• _DATASET SECTION_:
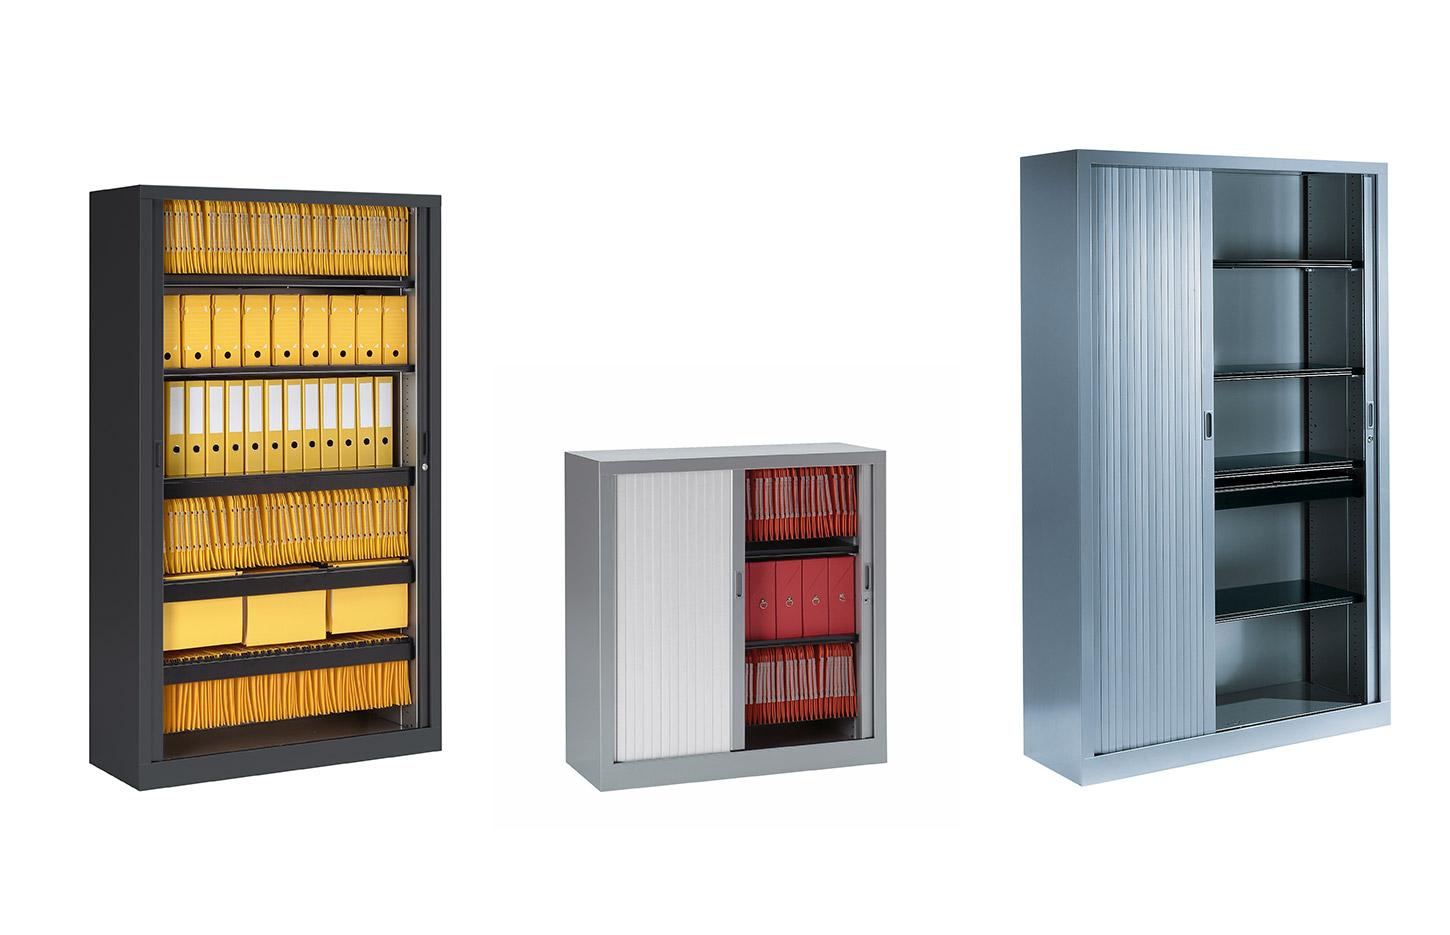 Rangement de bureau, avec portes en bois ou de couleurs, Fabrication Française, gamme Dolomites - France Bureau
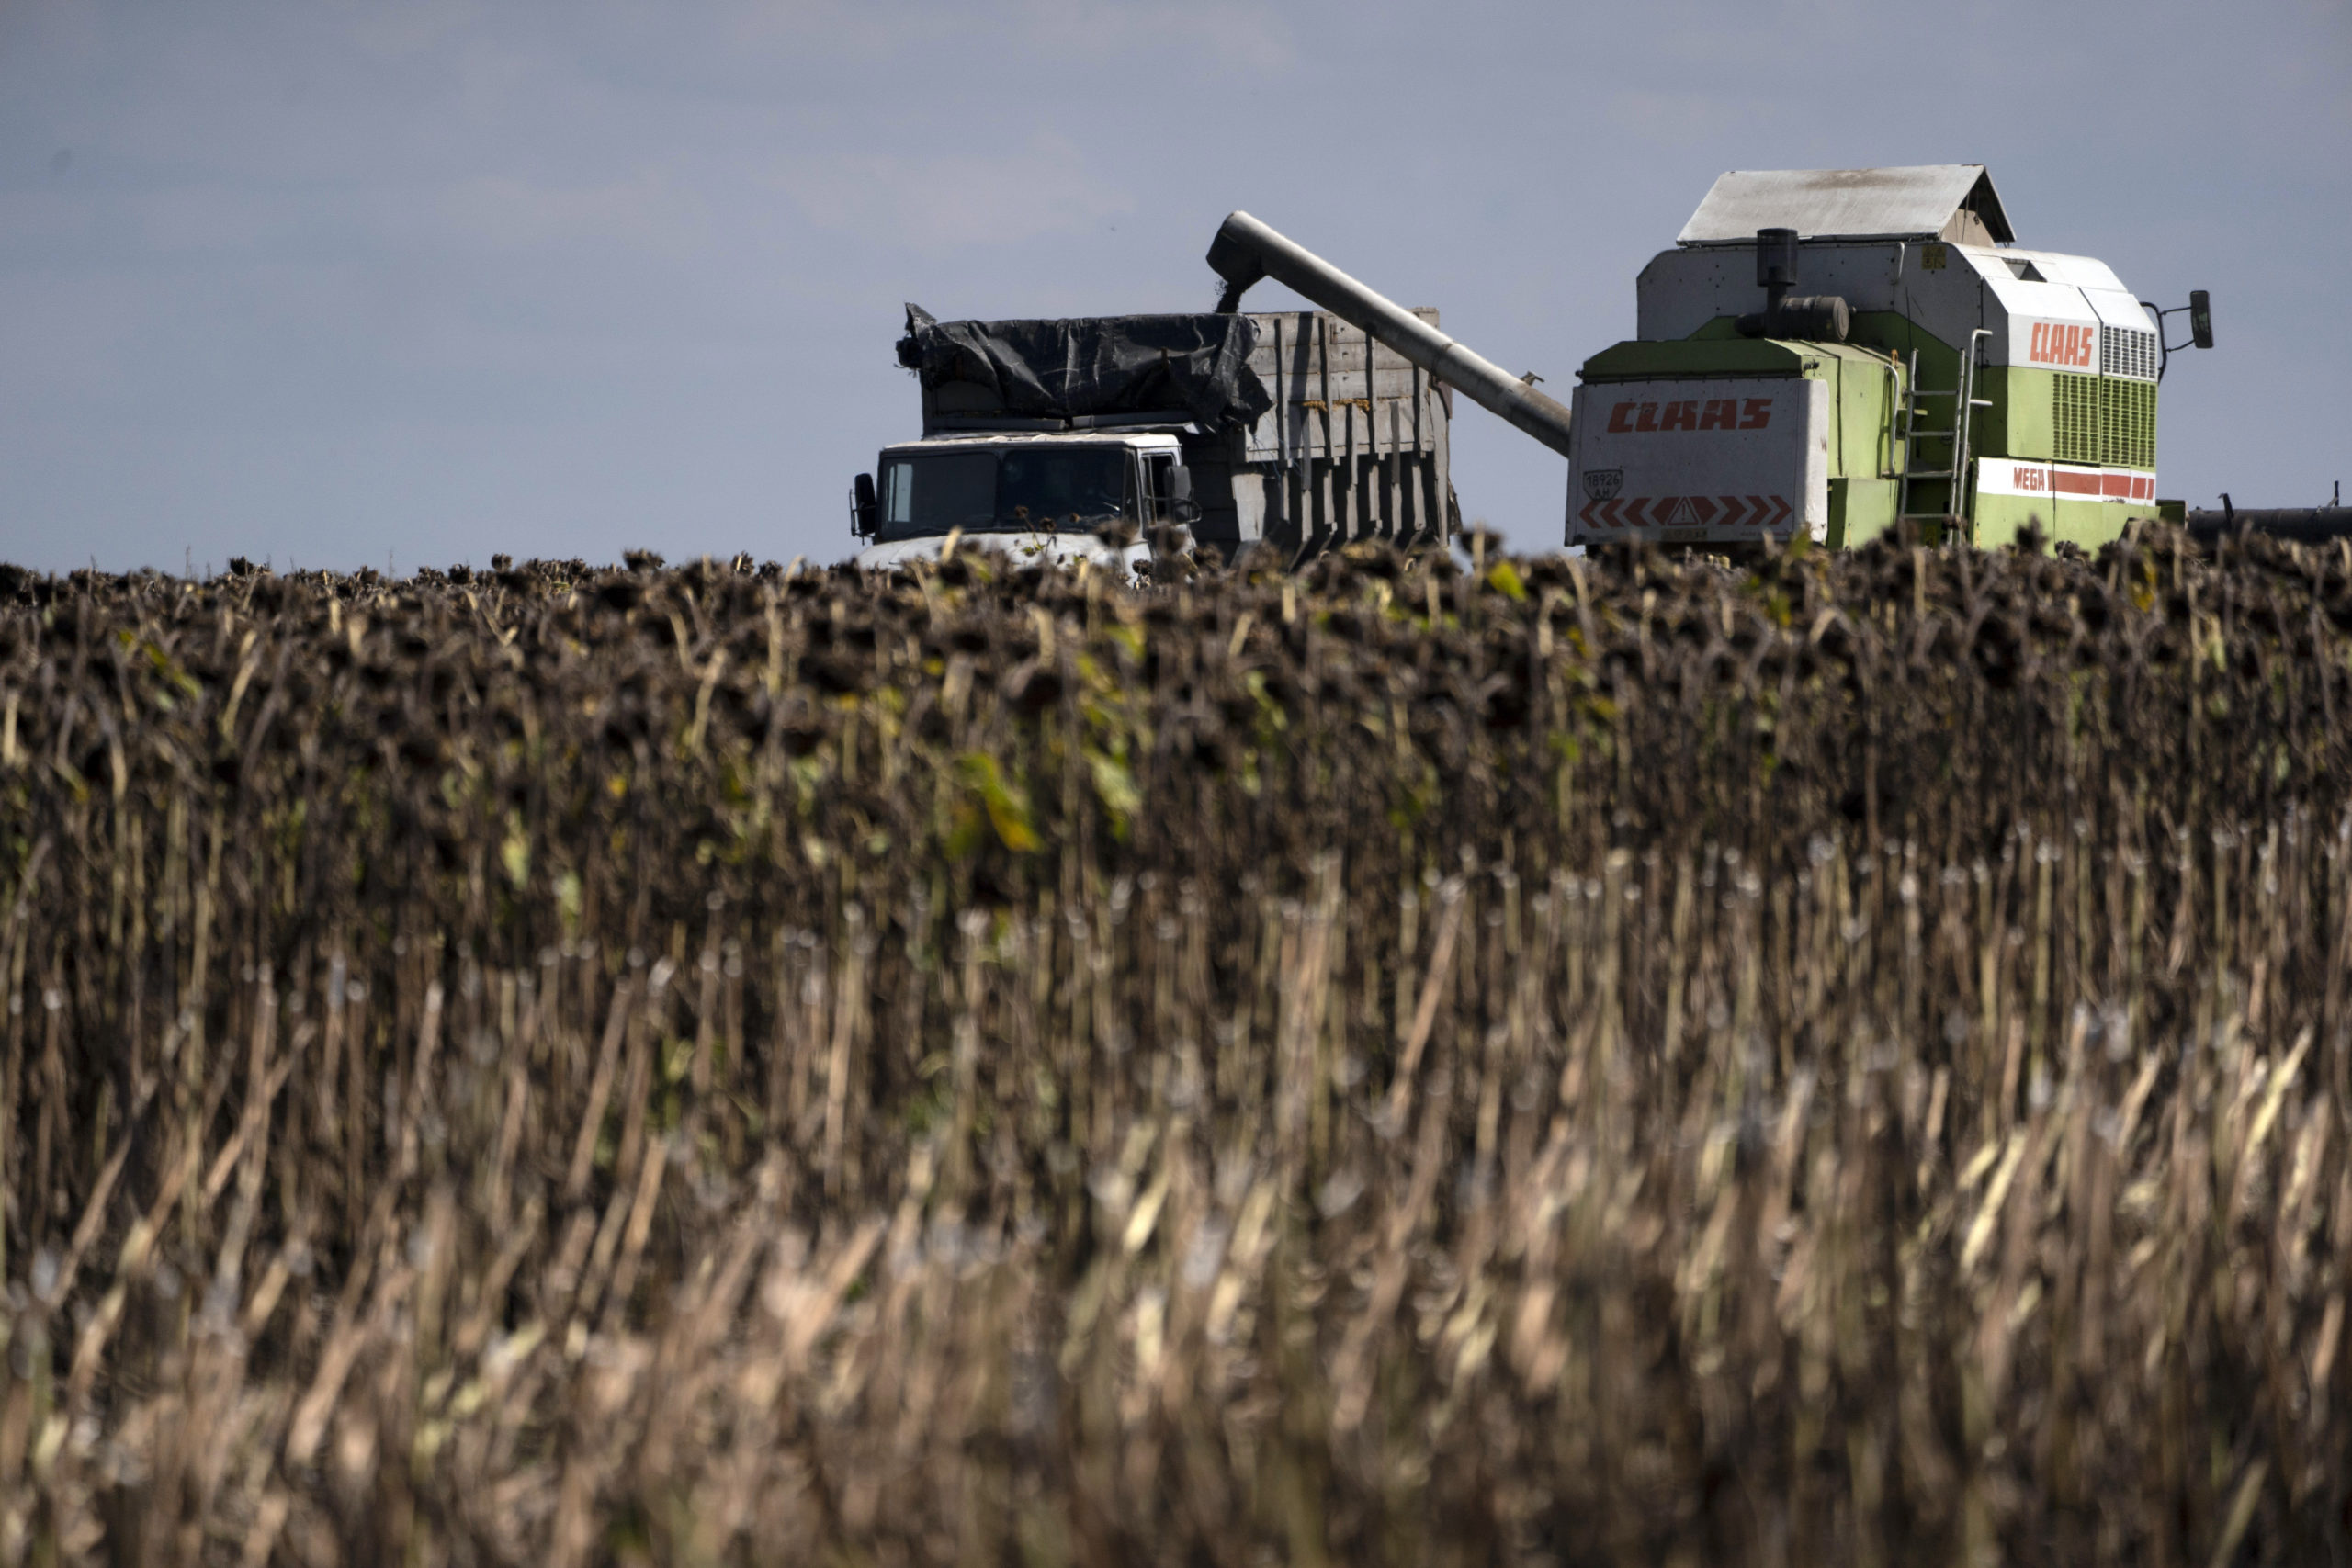 Ρωσία: Επιμένει στις απαιτήσεις για ελεύθερη πρόσβαση ρωσικών εξαγωγών σιτηρών – λιπασμάτων στις παγκόσμιες αγορές
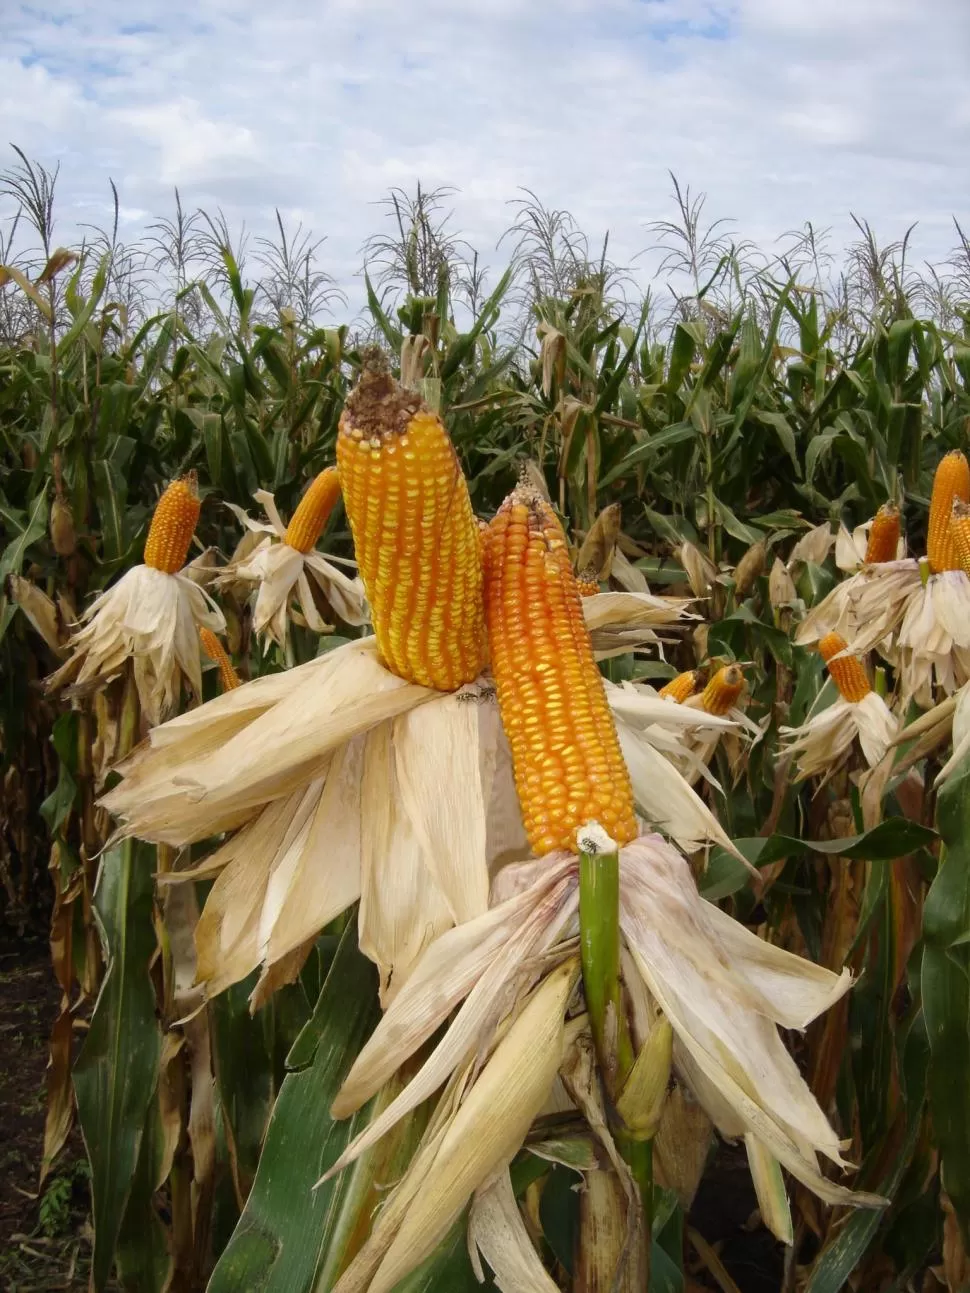 DERIVADO. El maíz es fuente de obtención de etanol para biocombustible. la gaceta / archivo

• _AIM OF THE TASK_: Leave the pictures out and output all of the data verbatim.

• _REPLY TO THE TASK_:
 Rangement de bureau, avec portes en bois ou de couleurs, Fabrication Française, gamme Dolomites - France Bureau
 Ρωσία: Επιμένει στις απαιτήσεις για ελεύθερη πρόσβαση ρωσικών εξαγωγών σιτηρών – λιπασμάτων στις παγκόσμιες αγορές
 DERIVADO. El maíz es fuente de obtención de etanol para biocombustible. la gaceta / archivo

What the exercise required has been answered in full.